Smaller companies don’t always have the same financial firepower. Base salaries can sometimes be lower than what large companies offer, especially in early stage startups where cash flow is tighter. They can also be much higher because the company just got lots of funding, want to hire the best engineers immediately to get their product hitting the next roadmap.
Instead, compensation may include equity or stock options. The idea is that if the company grows successfully, that equity could become very valuable in the future. Of course, equity is also a gamble. For every startup that becomes the next big success story, many others remain small businesses or never reach that level of growth.
Benefits can also differ. Big companies often offer things like large pension contributions, health insurance, learning budgets, and other perks that smaller companies may not yet have in place.
On the other hand, smaller companies can sometimes be more flexible. If the company grows quickly, salary increases and role expansion can happen faster than in large organisations where pay bands and promotion cycles are more rigid.
As with most things in this decision, it comes down to what kind of trade offs you’re comfortable making: higher guaranteed compensation now, or potentially more upside (and more risk) later.
In small companies, culture often flows directly from the founders or leadership team. Understanding how they make decisions will tell you a lot about what working there will feel like.
Is engineering trusted? Are priorities clear? How often do things change?

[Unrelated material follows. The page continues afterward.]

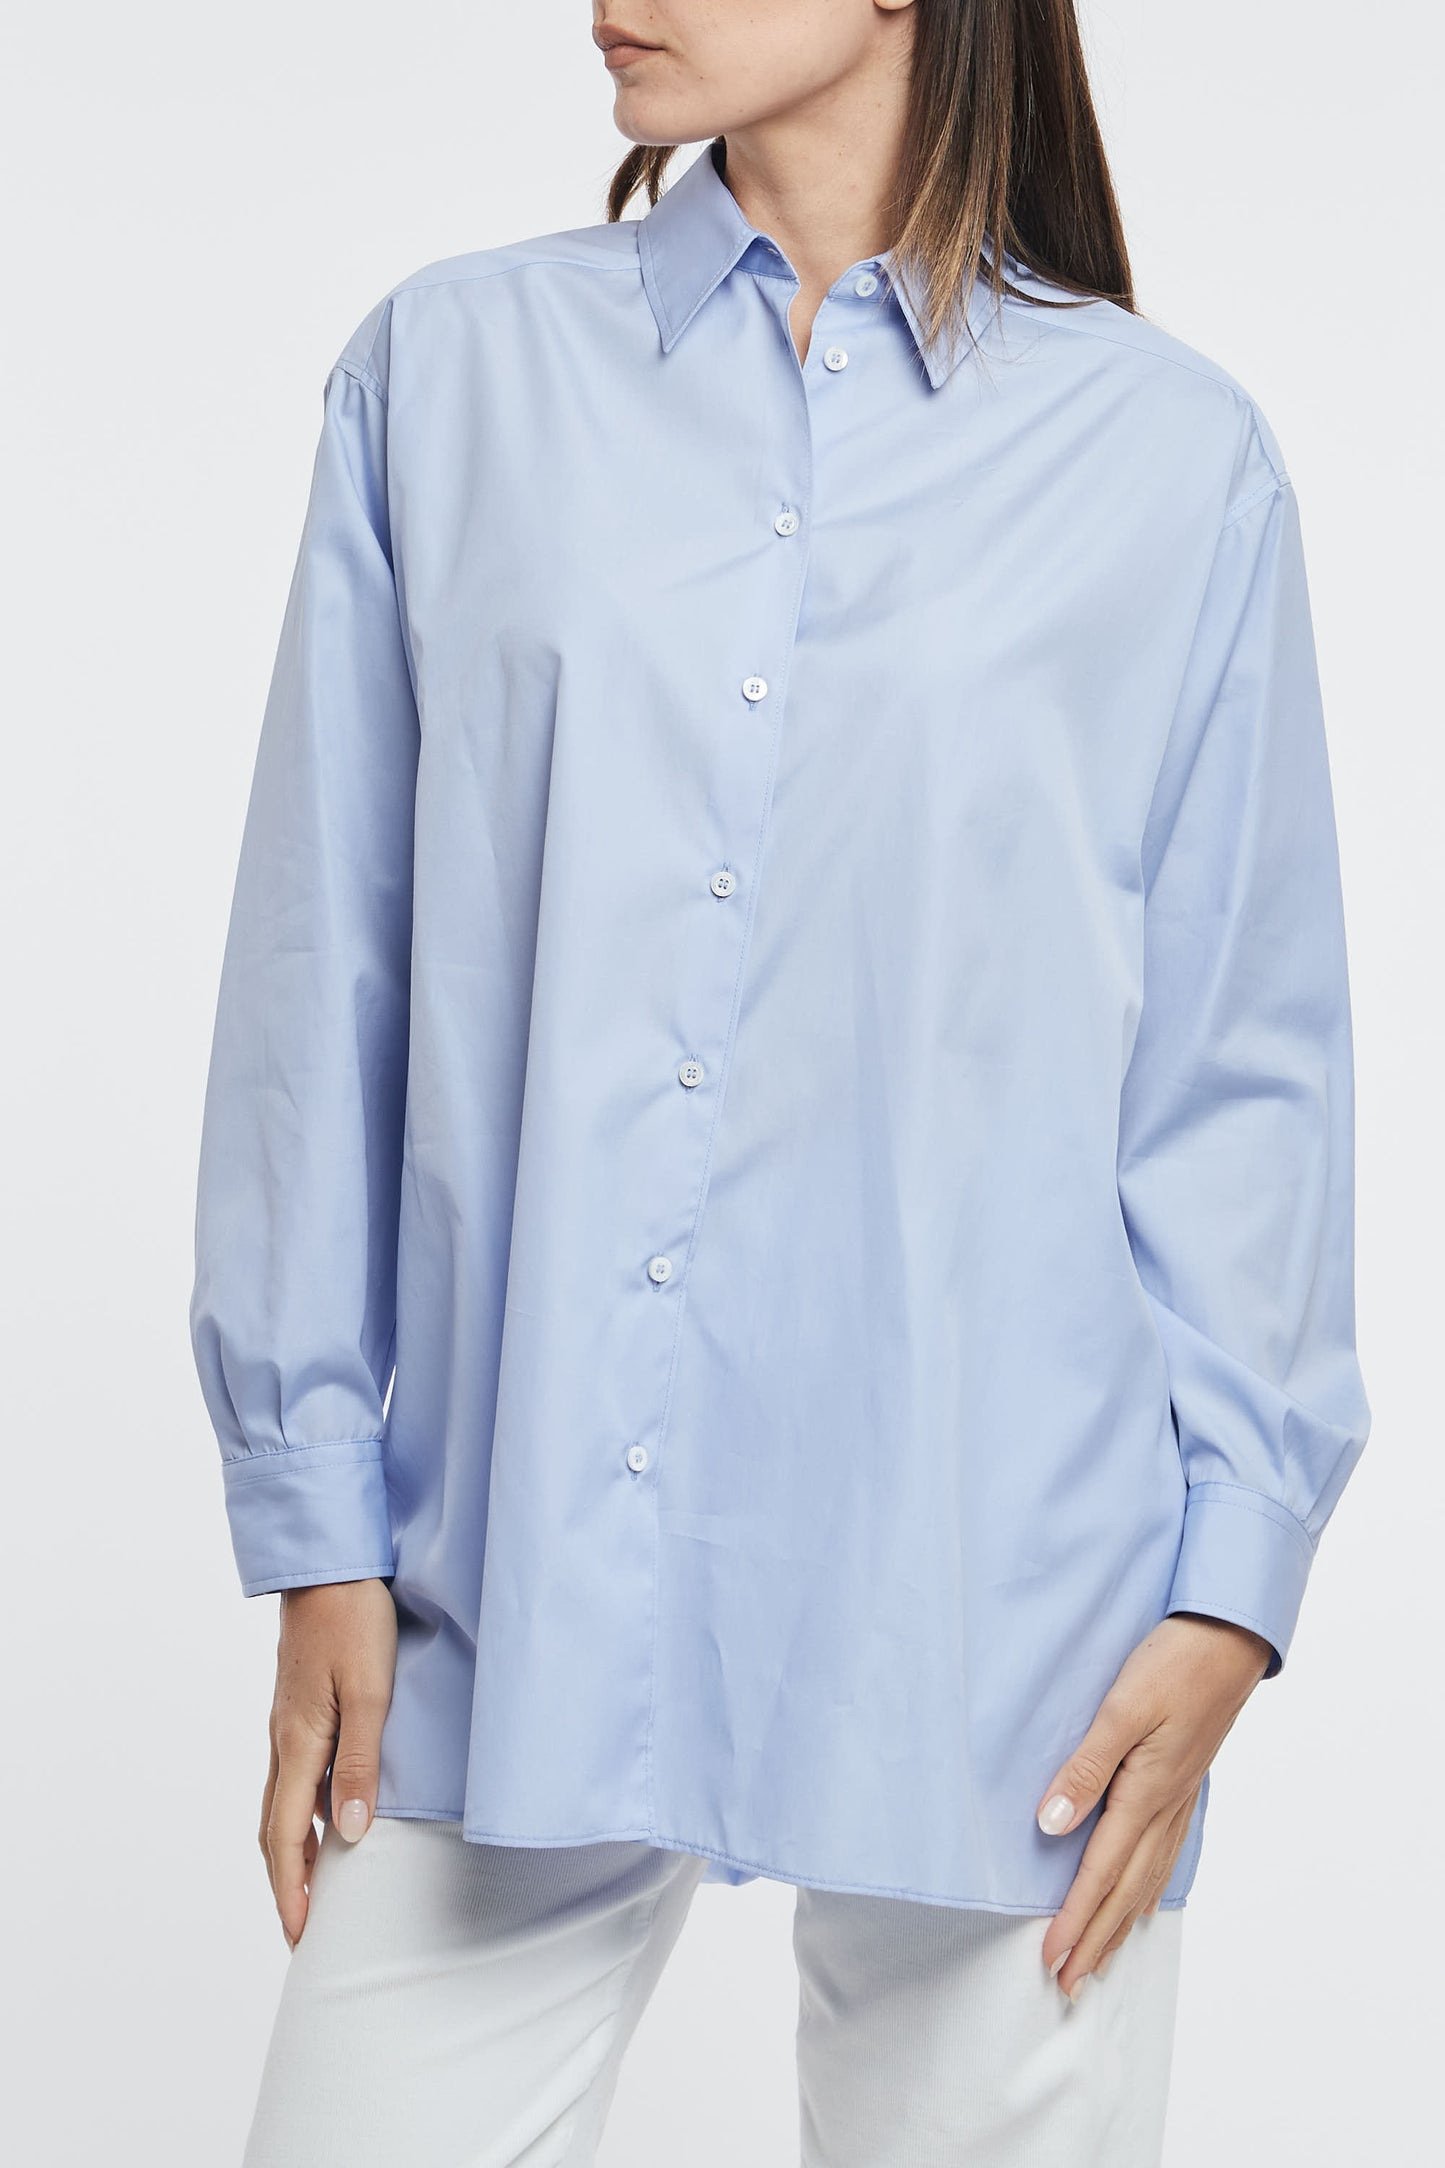  Aspesi Women's Light Blue Shirt 93115-26047 Azzurro Donna - 2

Look at the stage of the company
A 30 person startup and a 90 person scaling company are very different environments.
Early stage companies often require extreme flexibility. Later stage ones may already be building more structure and teams.
Understanding where the company sits on that journey matters. Ask what support staff are in place? Do they have HR? People operations? A legal person? Big companies have all of those to ensure the safety of all staff but if the company is small enough, issues handled by those teams are up to the whims of Leadership. This can be good - you want to implement something, there’s no legal team to fight. Or it can be bad - your boss keeps calling you at 9:30pm and you have no HR to tell him to stop.
Some people thrive in highly structured environments with deep specialisation and large scale systems.
Others prefer smaller teams where they can influence direction and see their work shape the product.
It’s all up to what motivates you and what you want to do with your career. Neither choice is wrong or right.
Moving from big tech to a small company can be one of the fastest ways to broaden your experience and increase your impact.
You’ll likely learn more about how products, systems, and businesses actually operate.
But you’ll also trade some stability, structure, and specialisation for that opportunity.
The key question isn’t whether big companies or small companies are better.
It’s what you like to do! I like small companies because I enjoy the variety of work, the increased impact I can have, and I always hated the sort of visibility work you have to do in big companies to get noticed. My partner works in a massive company and likes the structure, clear promotion and progression, and that his projects are clearly defined.